From f51ffaeda4c87b682b7865c26befd75fe1c8cb25 Mon Sep 17 00:00:00 2001
From: Atin Mukherjee <amukherj@redhat.com>
Date: Tue, 21 Jul 2015 09:57:43 +0530
Subject: glusterd: Don't allow remove brick start/commit if glusterd is down
 of the host of the brick

Backport of http://review.gluster.org/#/c/11726/

remove brick stage blindly starts the remove brick operation even if the
glusterd instance of the node hosting the brick is down.
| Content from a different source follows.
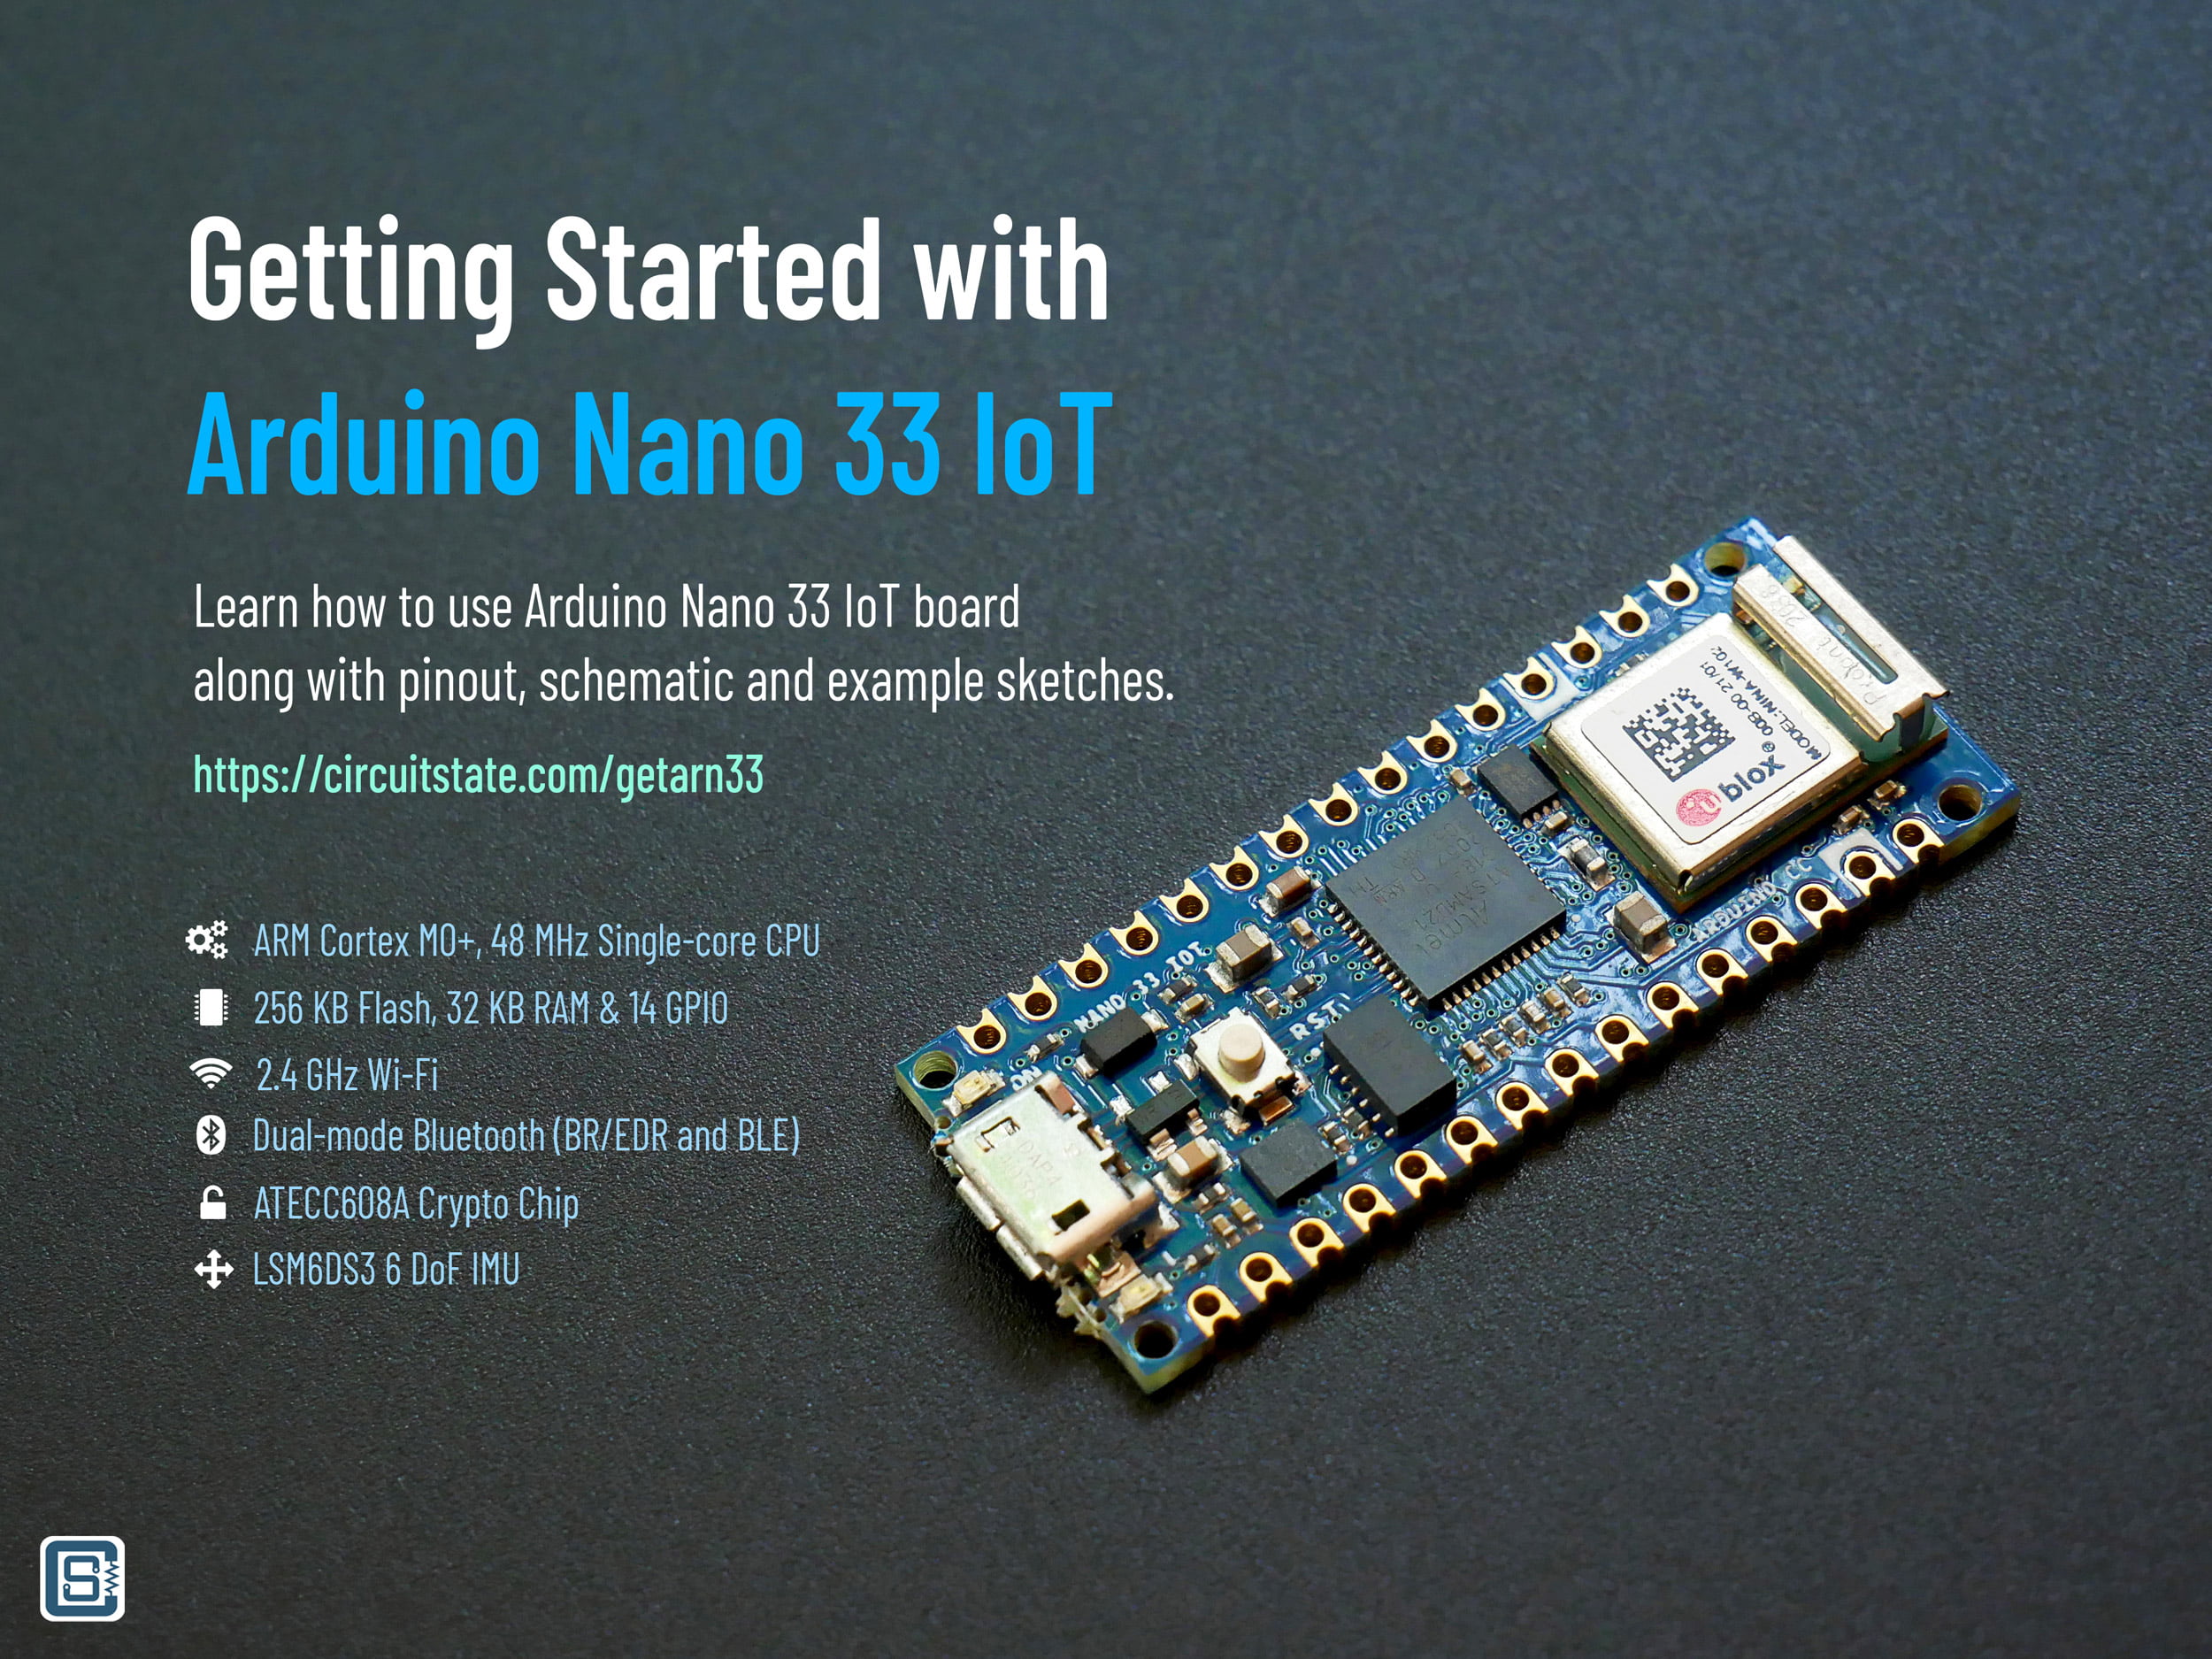 Getting Started with Arduino Nano 33 IoT Microcontroller Development Board  - Pinout, Schematic & Example Programs - CIRCUITSTATE Electronics

Operationally its
incorrect and this could result into a inconsistent rebalance status across all
the nodes as the originator of this command will always have the rebalance
status to 'DEFRAG_NOT_STARTED', however when the glusterd instance on the other
nodes comes up, will trigger rebalance and make the status to completed once the
rebalance is finished.

This patch fixes two things:
1. Add a validation in remove brick to check whether all the peers hosting the
bricks to be removed are up.

2. Don't copy volinfo->rebal.dict from stale volinfo during restore as this
might end up in a incosistent node_state.info file resulting into volume status
command failure.

Change-Id: Ia4a76865c05037d49eec5e3bbfaf68c1567f1f81
BUG: 1256265
Signed-off-by: Atin Mukherjee <amukherj@redhat.com>
Reviewed-on: http://review.gluster.org/11726
Tested-by: NetBSD Build System <jenkins@build.gluster.org>
Reviewed-by: N Balachandran <nbalacha@redhat.com>
Reviewed-by: Krishnan Parthasarathi <kparthas@redhat.com>
Reviewed-on: http://review.gluster.org/11996
Tested-by: Gluster Build System <jenkins@build.gluster.com>
Reviewed-by: Kaushal M <kaushal@redhat.com>
---
 xlators/mgmt/glusterd/src/glusterd-brick-ops.c | 119 ++++++++++++++++++-------
 1 file changed, 89 insertions(+), 30 deletions(-)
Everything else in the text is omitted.